In post-processing, damages are grouped based on timestamps and tracked IDs to ensure consistent tracking of the same object when driving on rough roads and to overcome any re-id issues that might arise. Grouping helps simplify analysis and maintain the count of the instances of damage on a single guardrail.
The grouping rules are as follows:
Temporal Grouping: Detections are grouped by the first and last occurrence of the unique tracked ID.
Non-Intersection Grouping: If the timestamps of two damage IDs overlap and never occur in at least one frame, then these two objects will be assigned the same group ID.
Intersection Grouping: If the timestamps of two damage IDs overlap and intersect in at least one image frame, each object is assigned to a different group ID.
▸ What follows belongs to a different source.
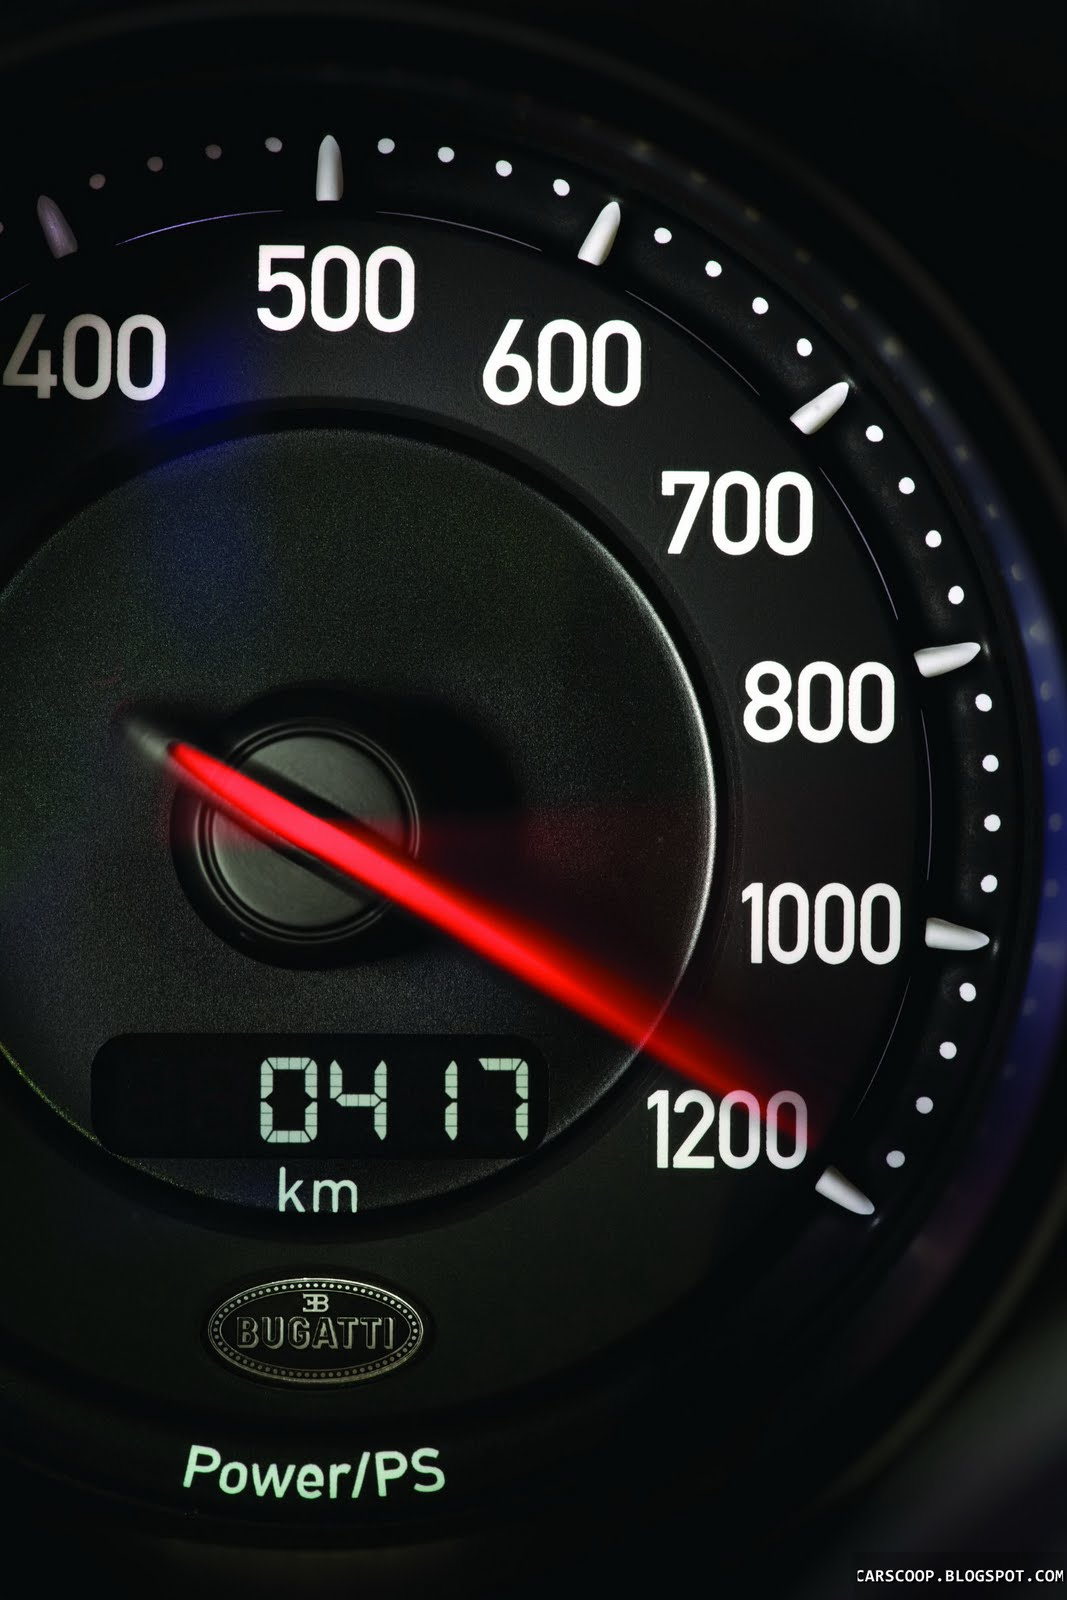 New Bugatti Veyron 16 4 Super Sport 1 200hp And 415km H

An example of the grouping methodology is depicted in
Table 1 and
Figure 14. IDs 294 and 298 overlap but intersect at least once in one frame, and therefore each object will have its separate group ID. IDs 306 and 307 overlap but never intersect in any frame, and therefore they will share the same group ID.
4. Results
This section details the evaluation process for the results, incorporating both numerical metrics and manual testing. Numerical metrics provide valuable insights for detection, classification, and tracking tasks. However, manual testing is crucial for a comprehensive evaluation of overall system performance in reporting damages. This method offers real-world perspectives that numerical analyses lack, which is especially important for deployment. Manually assessing the overall approach effectively identifies and helps address any behavioral weaknesses across different road scenarios.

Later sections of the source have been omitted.